Cinema Social – Professor sofre

Cinema Social – Professor sofre

Em “Gloria” (1980), de John Cassavetes (1929-1989), a atriz Gena Rowlands – mulher e principal musa do cineasta, o grande ícone do cinema independente norte-americano – interpreta a personagem do título, mulher de personalidade forte, ex-amante de um gângster. Por uma dessas contingências que movem as histórias de cinema, ela se torna a guardiã involuntária de um menino, único sobrevivente do massacre de sua família. Motivo: seu pai, contador do mesmo gângster de que Gloria foi amante, morreu em uma limpeza de arquivo. Gloria passa a ter duas opções, nenhuma confortável: ou entrega o menino à sanha dos mafiosos, ou foge com ele e se transforma também em caça.

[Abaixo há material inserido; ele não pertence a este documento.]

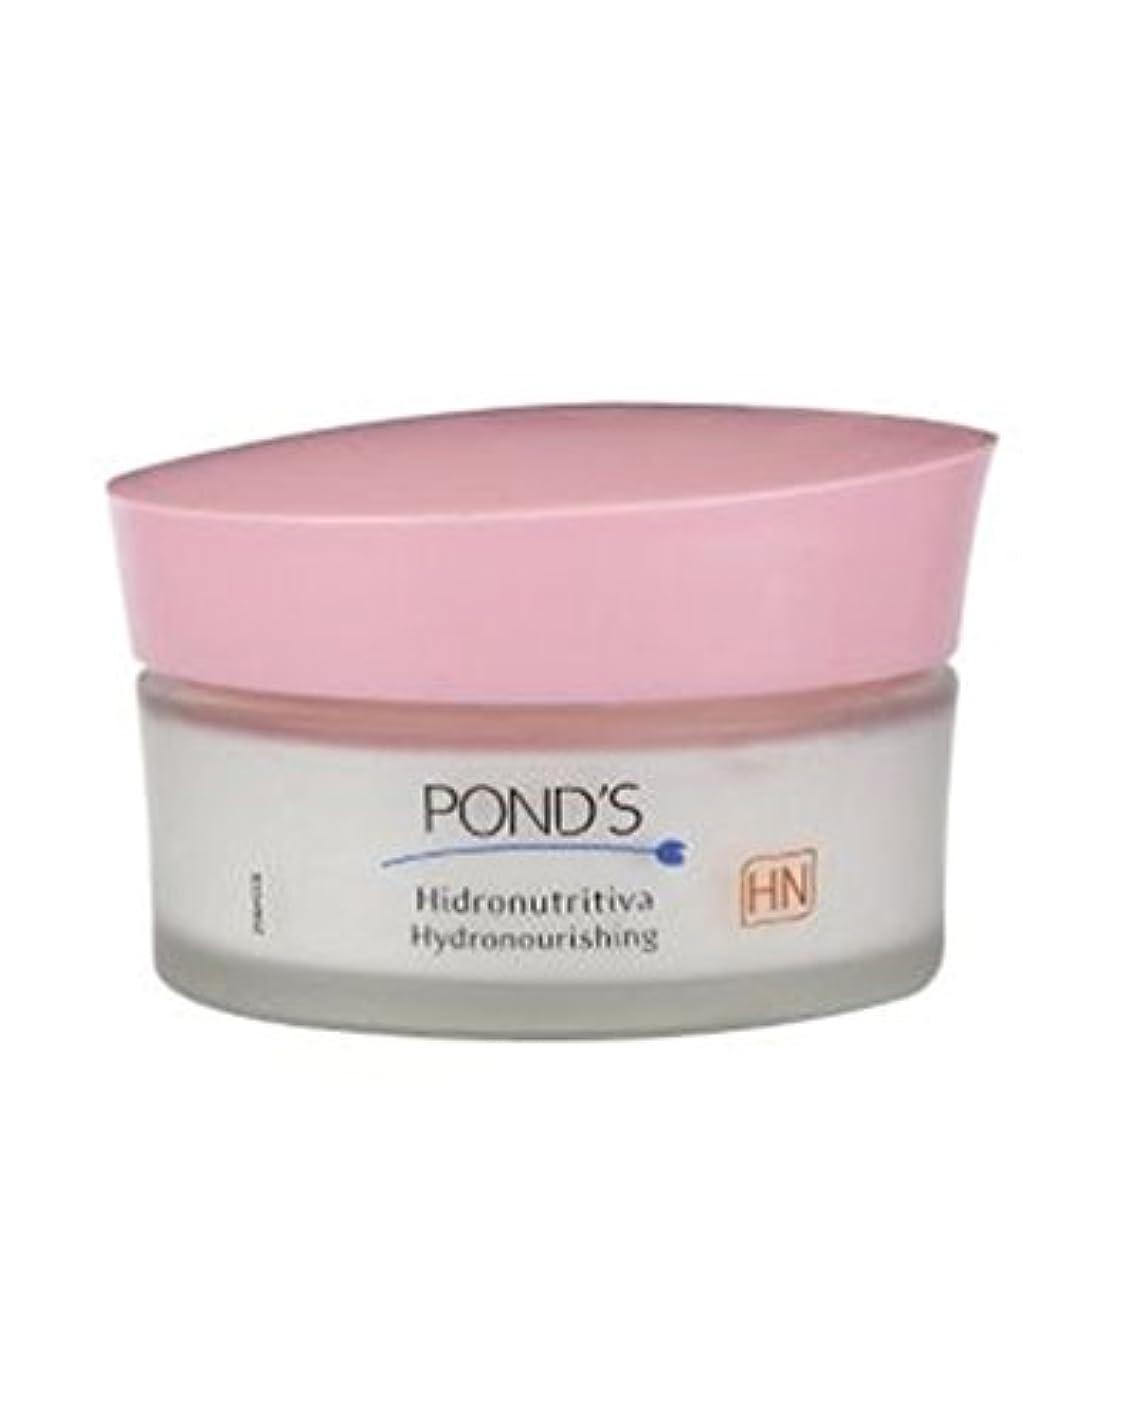 ロードブロッキングゆり年アンチリンクルクリーム50ミリリットル栄養池 (Ponds) (x2) - Ponds Nourishing Anti-wrinkle Cream 50ml (Pack of 2) [並行輸入品]

A personagem-título da produção brasileira “Verônica” enfrenta dilema semelhante em história que transporta as coordenadas básicas de “Gloria” para o cenário urbano brasileiro e atualiza seus elementos de acordo com a tecnologia disponível no século 21. O menino (Matheus de Sá) é filho de um contador de traficantes de drogas no Rio de Janeiro. Ciente de que corre perigo, o pai lhe entrega um pen drive com um vídeo em que policiais recebem propina do tráfico. Assassinados o contador e sua mulher, menino e pen drive vão parar nas mãos de Verônica (Andréa Beltrão), e aqui entra a novidade mais significativa do filme: ela é professora de ensino fundamental da rede pública.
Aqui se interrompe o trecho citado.